The December 3 ruling took immediate effect.

“I actually had three orders, all of which have been affected. The certificate of origin which had been issued was recalled by the Trade Board and cancelled. So, at the moment, I have lost 20 per cent of my sales,” he said.

Blue Power is trying to work with the Ministry of Industry to get the issue resolved, but Tanna expects to make more progress through Customs’ intervention.

“Normally, those kinds of decisions are made according to what Customs says jointly with other Caricom countries,” he told the Financial Gleaner. “So it’s the Ministry of Foreign Trade and Jamaica Customs which will try to get some kind of agreement with other Caricom countries,” he added.

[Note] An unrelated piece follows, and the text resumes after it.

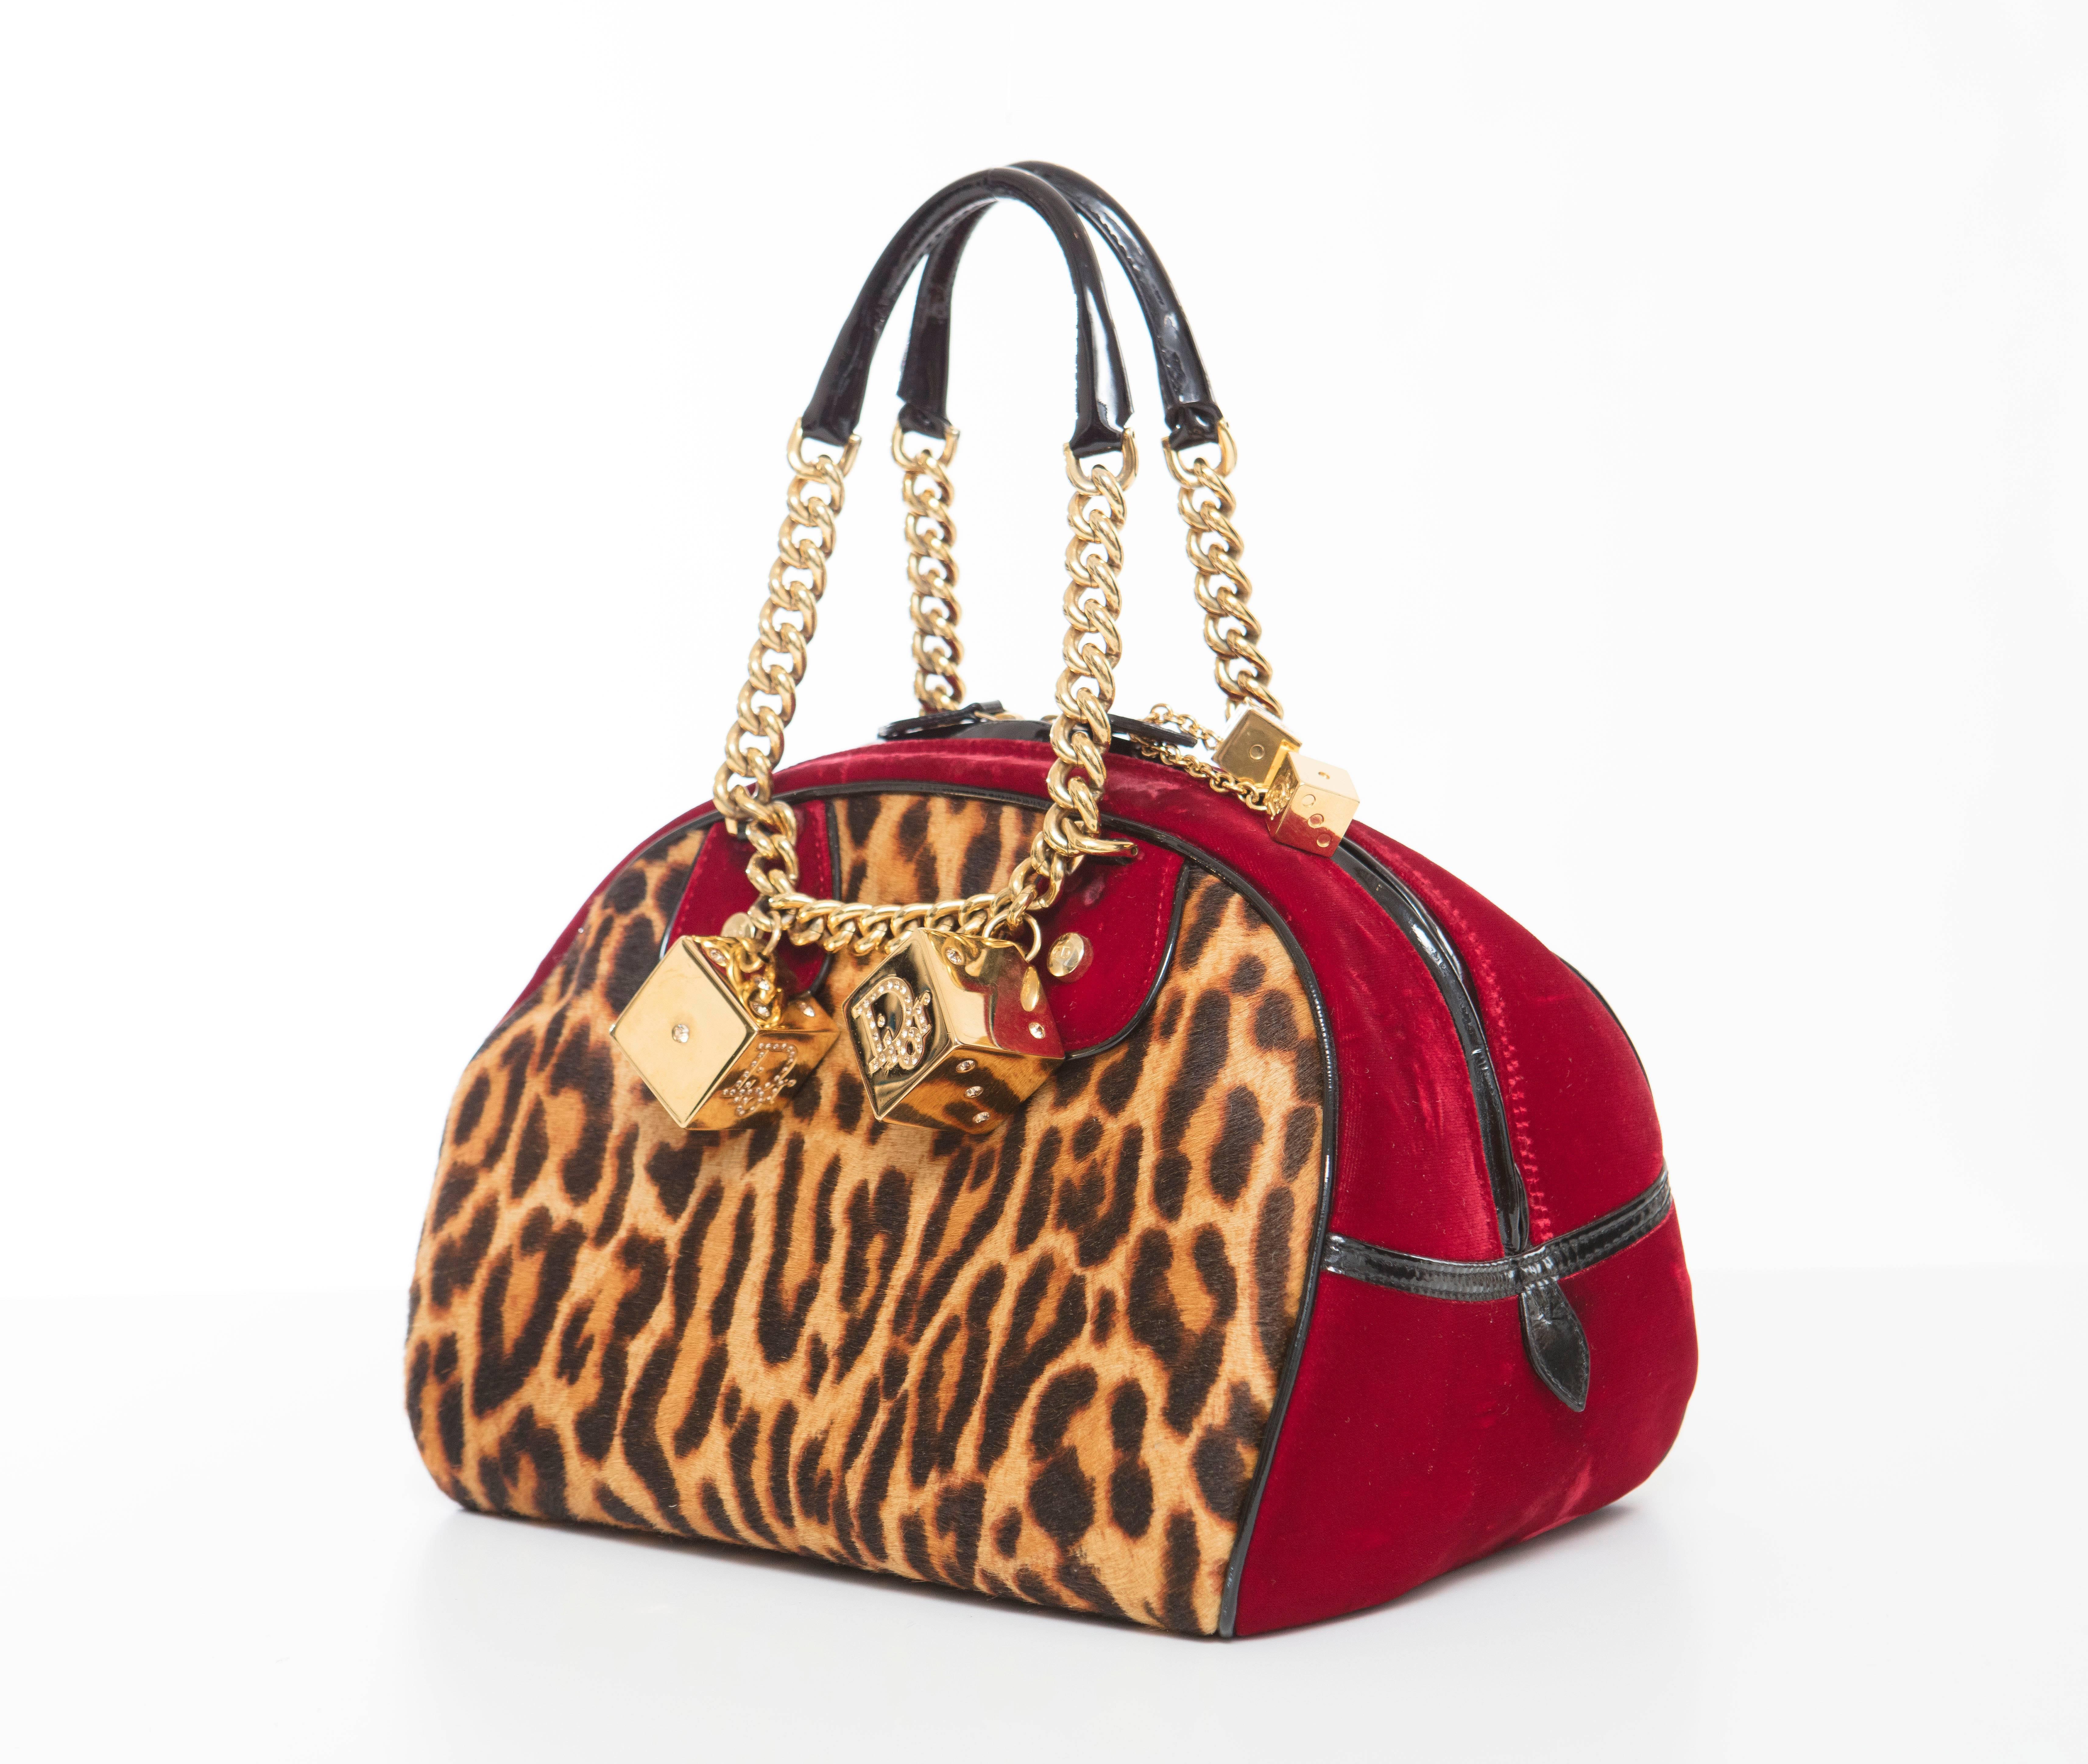 John Galliano for Christian Dior, Fall 2004 leopard Gambler bag with gold-tone hardware,  velvet and black patent leather trim, dual rolled top handles featuring chain-link accents, crystal embellished dice adornments at front face, black Diorissimo

To offset some of the market fallout in the interim, Blue Power Group said it would be looking to boost its domestic and non-Caricom sales, while the lobby efforts continue.

“I’m not quite sure how it’s going to be resolved, but it’s a big blow,” said Tanna. “We work very hard to build up our markets, only to find that overnight it’s gone,” he said.

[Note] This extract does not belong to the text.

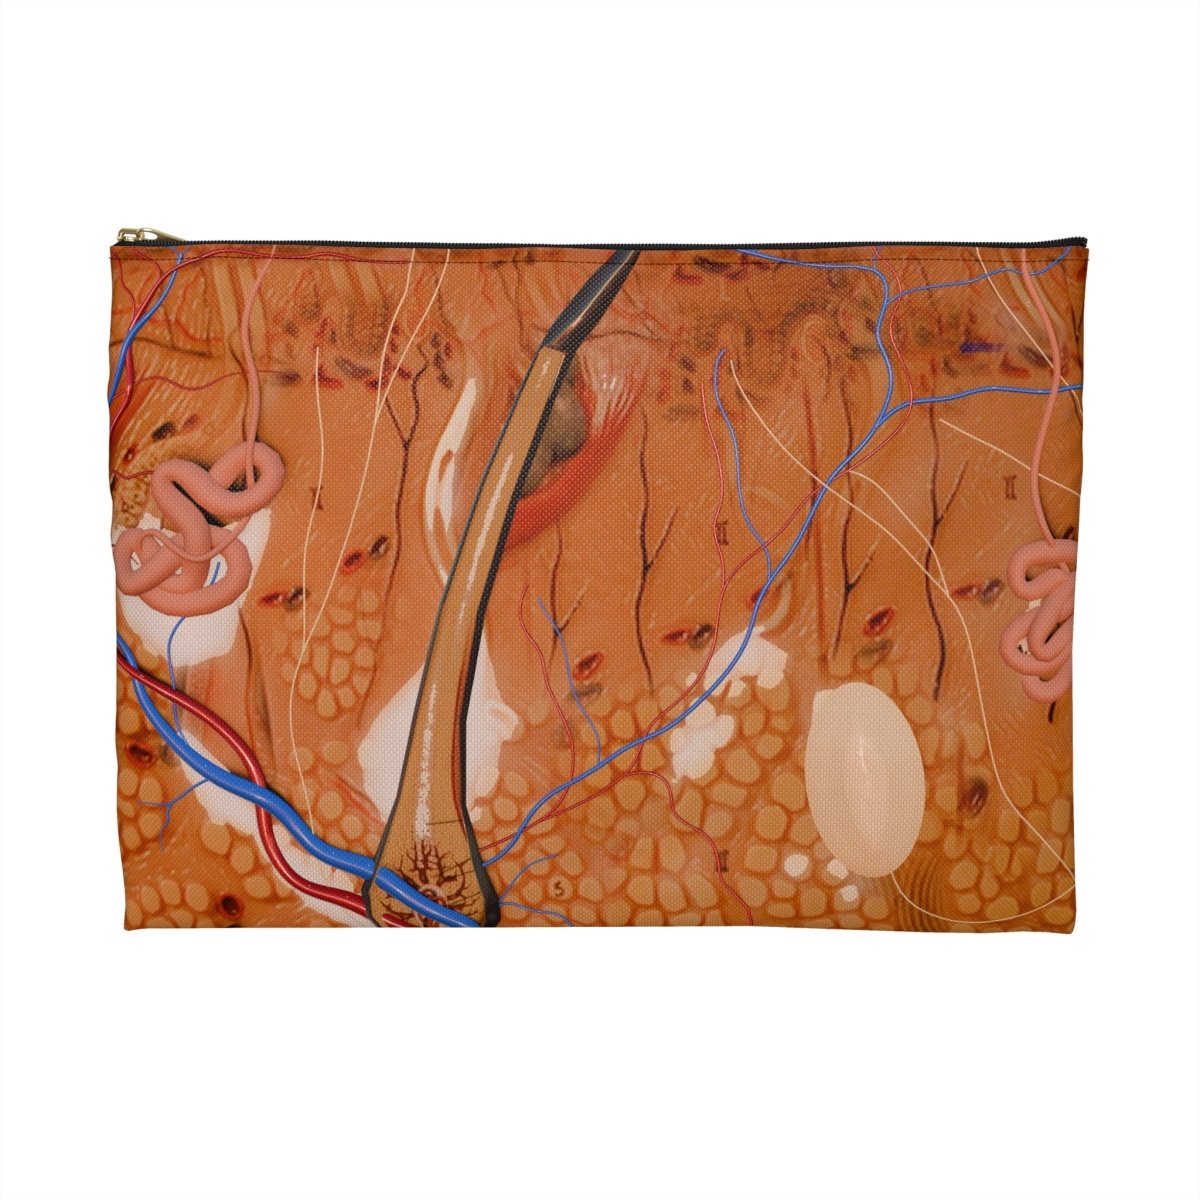 Medical Pouch - Anatomy - Flat Pouch

The Cari-Med companies have an even bigger exposure to Caricom, which Johnson said accounts for more than 30 per cent of sales.

“We view this matter as one that is important to all manufacturers in terms of the Caricom treaty, because at any point in time, someone can interpret the treaty in a way that is deleterious to us,” she said.

“It’s about the context of how the revised treaty is applied in an even-handed way across the territory. We don’t want to see other products coming into Jamaica to which it was not applied while we are not able to export. It’s a matter of fairness. That is really the underlying core issue – how the treaty is being applied in all the region and what kind of support can manufacturers rely on the Government for, having made major investments,” she said.

The rules of Caricom trade are laid out in the Revised Treaty of Chaguaramas. The preferential treatment granted to intra-regional exports would be zero-rated so, for example, customers of Jamaican manufacturers would not be charged a duty on imports.

“If we don’t get preferential treatment under the treaty when we export, there is an applicable 40 per cent duty which makes us uncompetitive,” Johnson said.